On Sunday morning, the congregation at St. Michael's and St. George's Ukrainian Orthodox Church in northeast Minneapolis will say a special prayer.
"We have prayers for Ukraine," the Rev. Myron Korostil said Saturday. "We ask God to make peace."
Korostil added the prayer about a month ago after the Russian military massed on Ukraine's borders, threatening invasion. As in Ukraine, anxiety is rife in the Twin Cities' Ukrainian-American community.
"We don't know what to think," Korostil said. "Also in Ukraine, no one is sure. There is a big danger, and everything is possible."
The tension escalated this weekend. Leaders of Russian breakaway-regions in eastern Ukraine — Russian surrogates, effectively — called for evacuations and military mobilization. Russia itself ran military drills, showing off ballistic missiles that could carry nuclear weapons.

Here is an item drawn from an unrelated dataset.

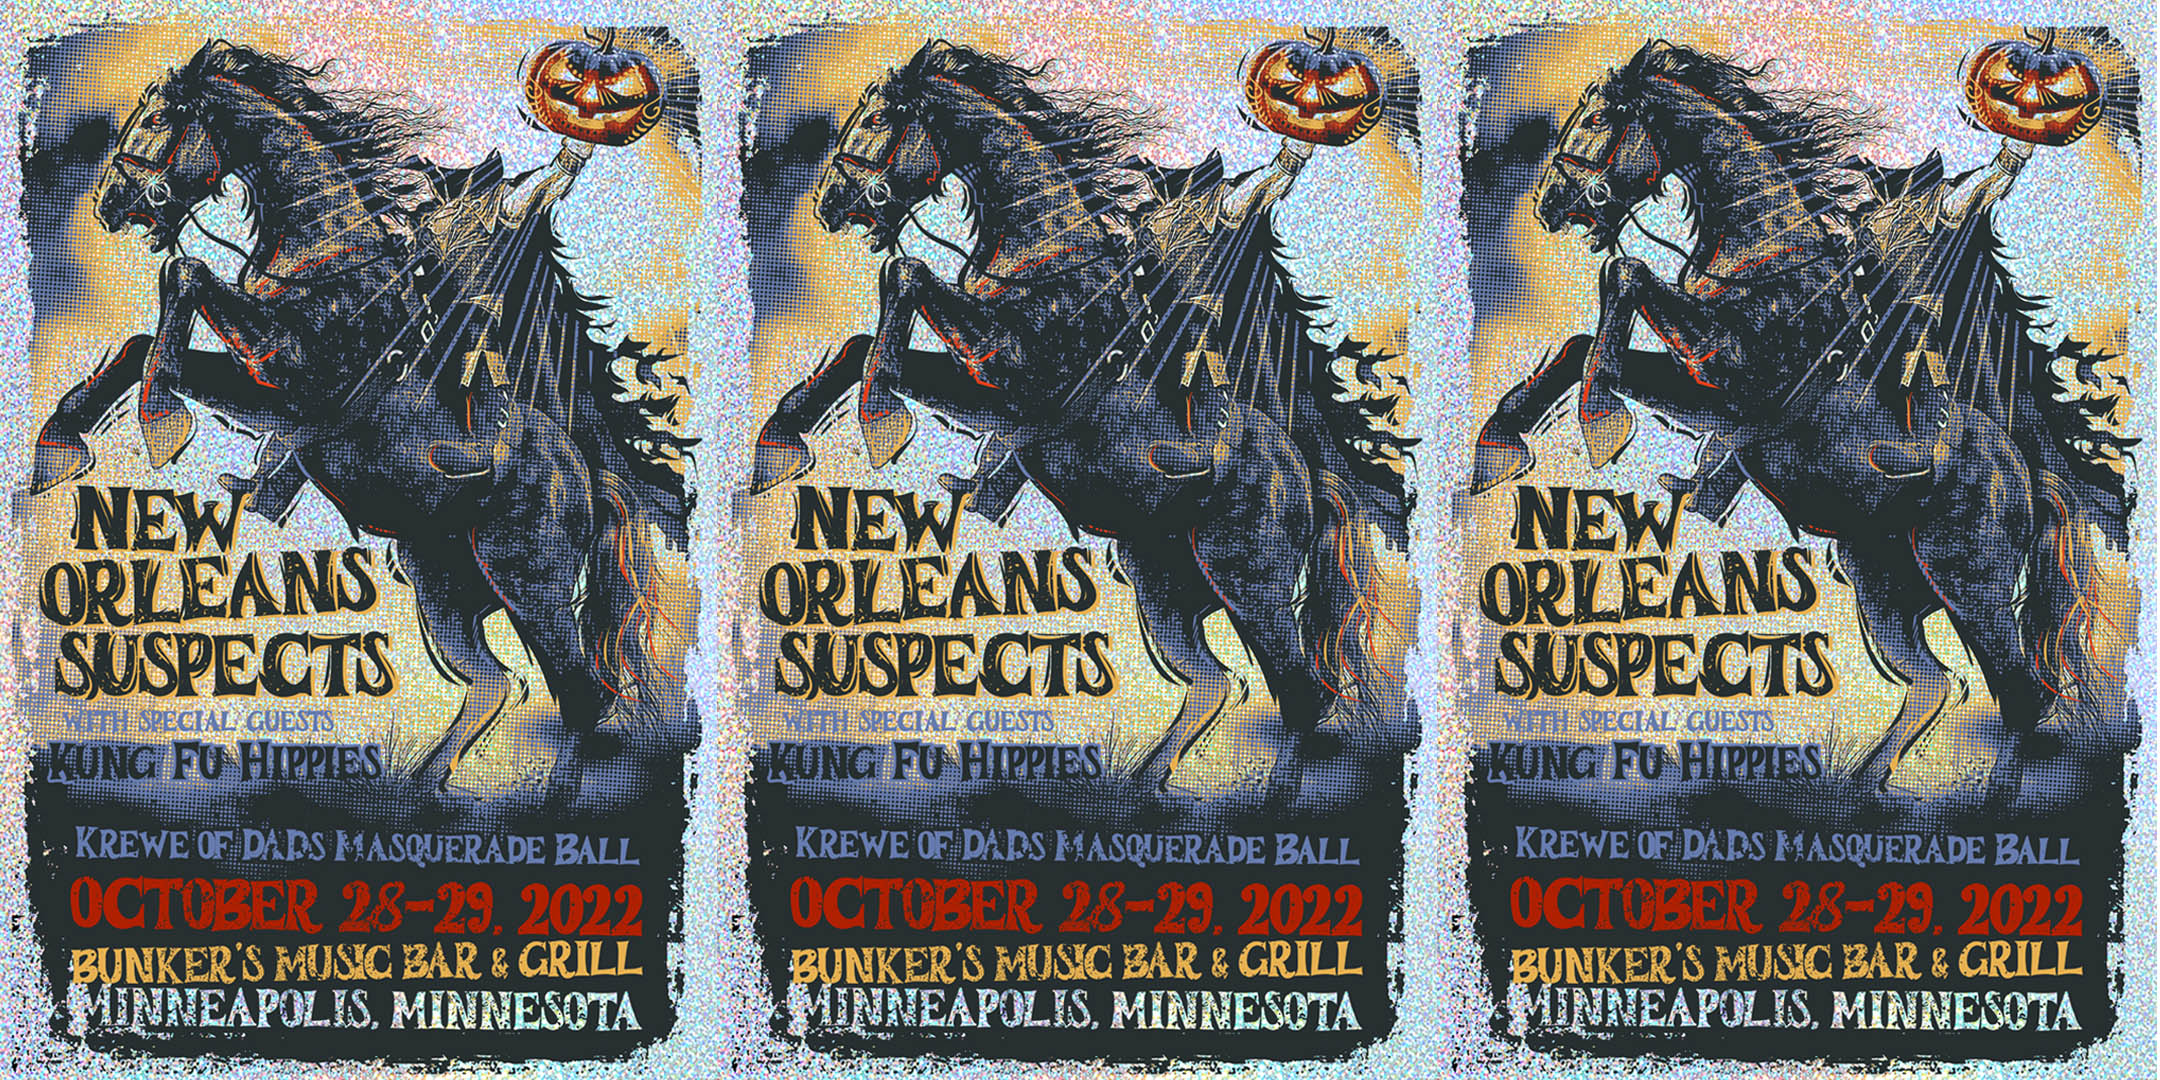 Krewe of DADs & Nobool Presents New Orleans Suspects with guest Kung Fu Hippies October 28 & 29, 2022 Bunker's Music Bar & Grill
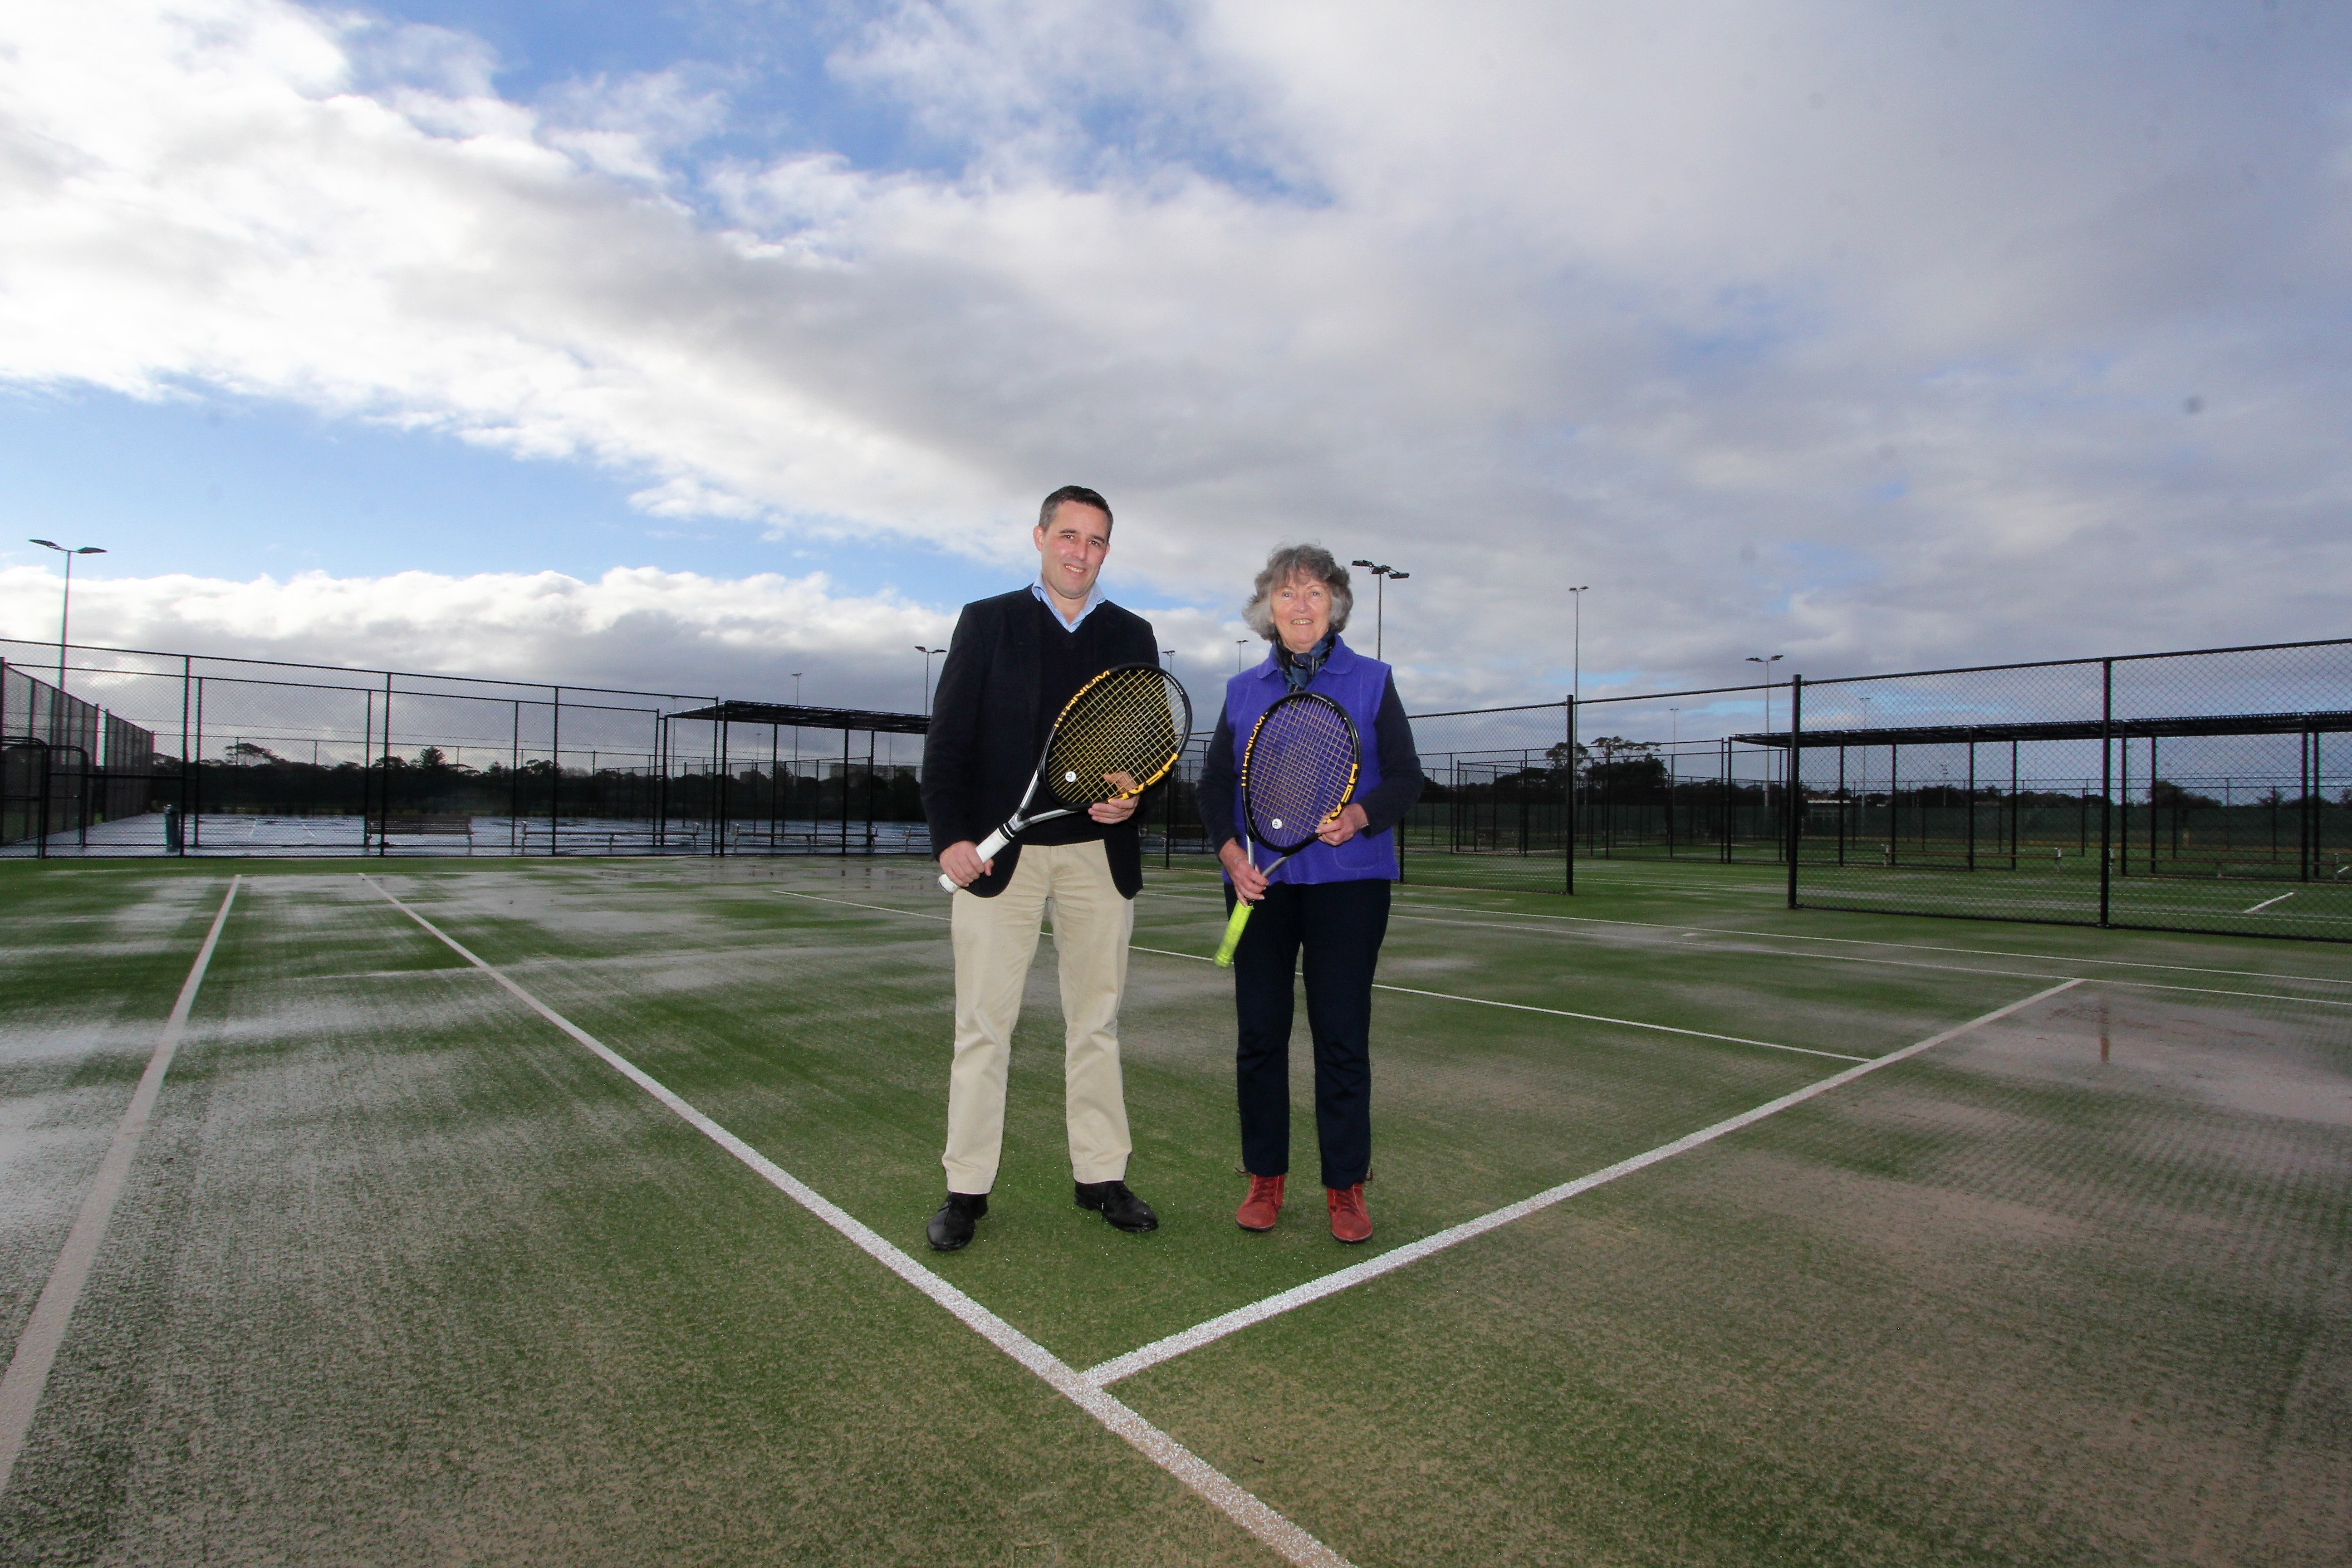 Mayor Kathy Neilson with the new operator of the Tennis Centre Richard Price, CEO of Sydney Sports Management Group.

The world waits to see if Russian President Vladimir Putin's provocative gambit on Ukraine leads to a bloody catastrophe. And few are watching more closely than the Ukrainian diaspora in North America.
Minnesota – Minneapolis in particular – has long been home to Ukrainian immigrants. They started arriving in the late 19th century with a tide of Eastern Europeans and have landed in waves since, including after World War II and the breakup of the Soviet Union.
Estimates of their numbers vary from around 15,000 to 25,000. Many have friends and family in Ukraine. Korostil himself arrived at St. Michael's just four years ago, and he has friends in the Ukrainian Army – and its chaplain corps – deployed in the country's tense eastern regions.